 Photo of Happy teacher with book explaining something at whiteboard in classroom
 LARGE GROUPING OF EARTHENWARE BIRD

---

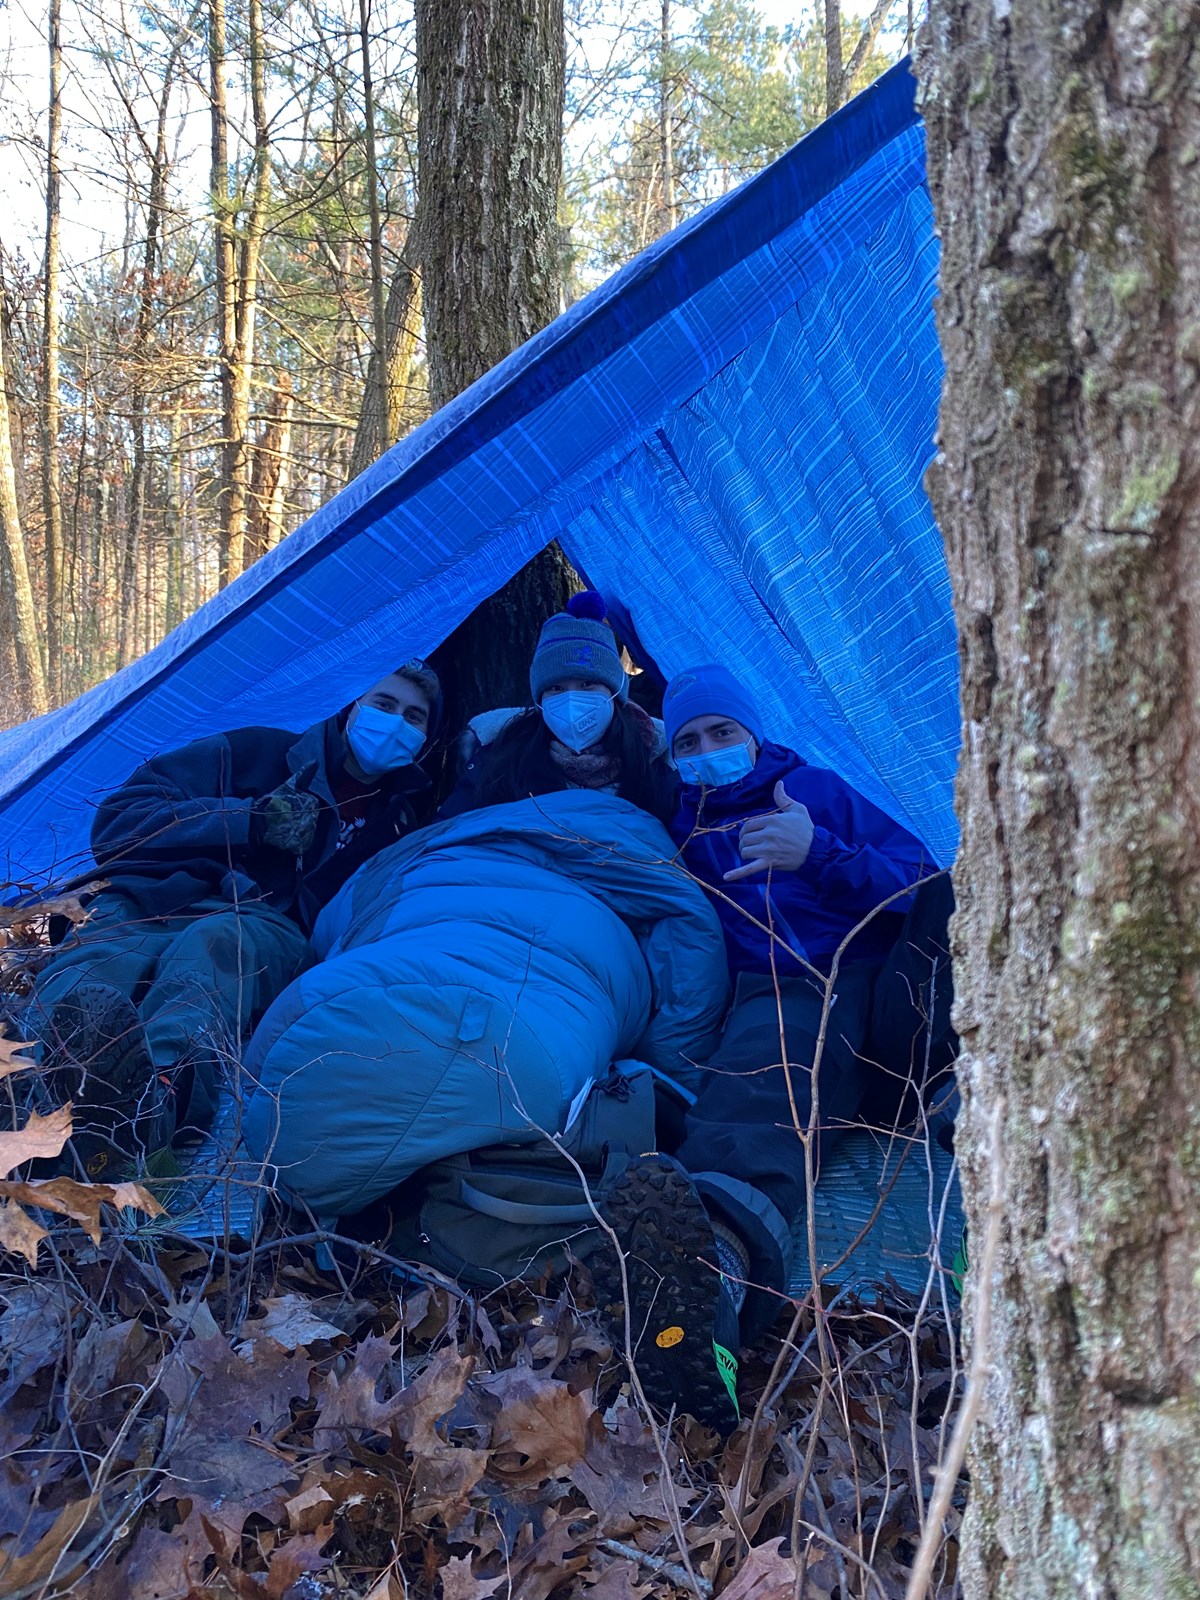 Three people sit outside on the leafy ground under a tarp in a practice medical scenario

* * *

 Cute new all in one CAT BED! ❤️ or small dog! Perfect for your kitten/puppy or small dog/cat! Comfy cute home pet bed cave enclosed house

### [Brief]
In the data above, find the line that contains "Photo of Happy" and the line that contains "LARGE GROUPING OF EARTHENWARE BIRD". Repeat exactly those lines and every line between them, and only those.

### [Your response]
 Photo of Happy teacher with book explaining something at whiteboard in classroom
 LARGE GROUPING OF EARTHENWARE BIRD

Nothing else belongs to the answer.